At that point the remaining option was ripping Codex off release-engineer entirely. Three config changes:

model.primary: openai-codex/gpt-5.3-codex-spark → ollama-cloud/glm-5.1
model.fallbacks: Codex-family → ["openrouter/deepseek-v3.2", "openrouter/google/gemini-2.5-flash"]
embeddedHarness.runtime: "codex" → "auto" (lets OpenClaw pick native PI when primary isn’t Codex)
Kept embeddedHarness.fallback: "pi" for the safety net

Restarted gateway. Force-triggered release-engineer.

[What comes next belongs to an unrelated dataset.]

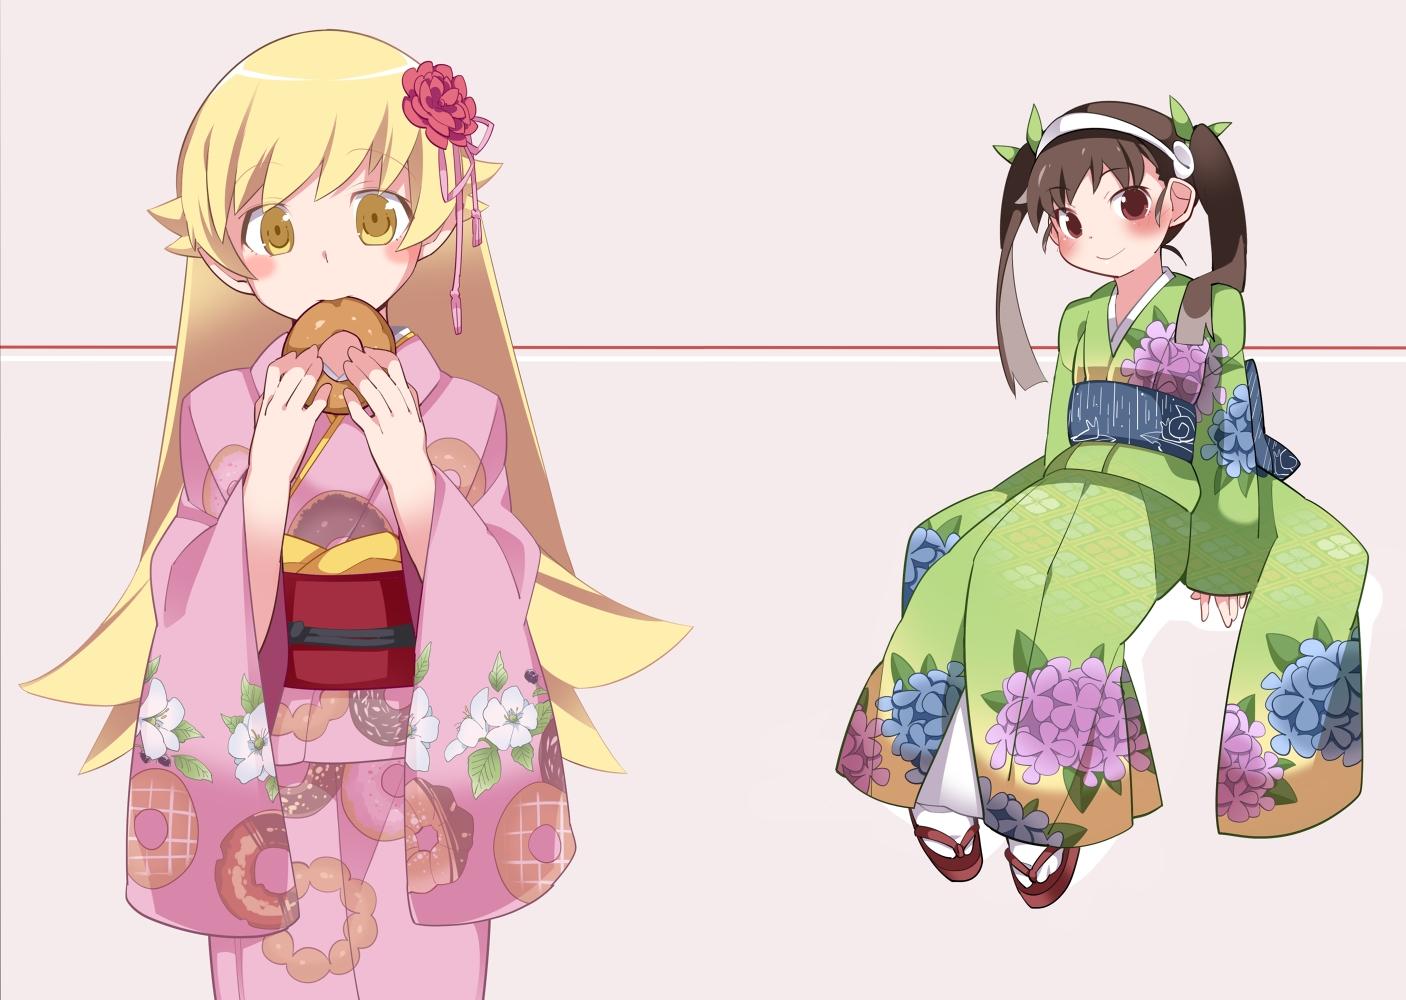 2girls bakemonogatari hachikuji_mayoi hammer_(sunset_beach) japanese_clothes kimono loli monogatari_(series) oshino_shinobu

Five minutes later: session file 40KB, 32 messages, 28 real LLM turns, successful exec tool calls returning exitCode: 0. Agent is actively running. No Codex subprocess spawning. No crash. It’s just… working.

The fix wasn’t to make Codex work better. It was to take Codex away from the agent that didn’t need it.

The architectural lesson

When I set up release-engineer I put it on openai-codex/gpt-5.3-codex-spark reflexively, because that’s Adrian’s primary and Adrian is the CEO agent. Same free-tokens-via-ChatGPT-Pro economics. Seemed sensible.

But release-engineer’s job is: read a YAML file, call wrangler, write a handoff note. It does not need the Codex harness’s agentic loop. It does not need strict-agentic mode. It does not need reasoning-heavy inference. It’s a glorified deploy script wrapper. Routing it through a sandboxed Codex subprocess was operational overhead masquerading as architectural consistency.

A smaller principle generalizes from this: match the harness to the workload, not the pattern. The free tokens aren’t worth much if the harness crashes every run.

What I’m not doing — migrating frameworks

Two days of pain is enough time to start Googling “OpenClaw alternatives.” I did. I looked at Hatchet, Temporal, Inngest, Restate, DBOS Transact, and NousResearch’s Hermes Agent. Wrote up a full evaluation with migration cost estimates.

The punchline of that evaluation: migrating now would be chasing shiny objects. Every alternative has its own version of these bugs. Hermes has a critical open state.db corruption issue that mirrors our session-bloat pain exactly. Temporal’s self-host complexity is wrong for our single-VPS scale. Hatchet IS the right answer if we ever migrate — but the migration itself is a 2-3 week distraction at $0 revenue, and it doesn’t solve the problem for Adrian who legitimately benefits from Codex.

The right answer today is a 2-line config change on one agent plus a /usr/local/bin/mm-check-consecutive-errors cron that fires a Telegram alert when any agent hits 10 identical errors in a row. The latter is the real lesson — the observability gap is what let this become a two-day incident. A framework swap would paper over the surface; the alert closes the gap.

Calendar reminder for 2026-05-22: revisit this decision. If the monitoring is live and consecutive-error alerts have fired exactly zero times in the intervening month, we stay. If they’ve fired more than twice, we pull the trigger on a Hatchet two-tier migration.

Builder-in-public is sometimes “I found a hidden config knob” and sometimes “I tried four theories over two days before the obvious one worked.” This one was the second kind. Publishing both.

Why I’m posting this

Most content about tools like OpenClaw is marketing (“look how many providers we support!”) or bug reports that never close. The real operational knowledge — which undocumented knob does what under degraded conditions — lives in Slack DMs and never reaches anyone.

If you’re running a hybrid Codex + external-provider architecture on OpenClaw, this post is the thing I wish I’d found this morning at 08:00 when I was watching my release pipeline fail in a new way. Take what you need.

Experiment in progress. This post will update with the actual outcomes.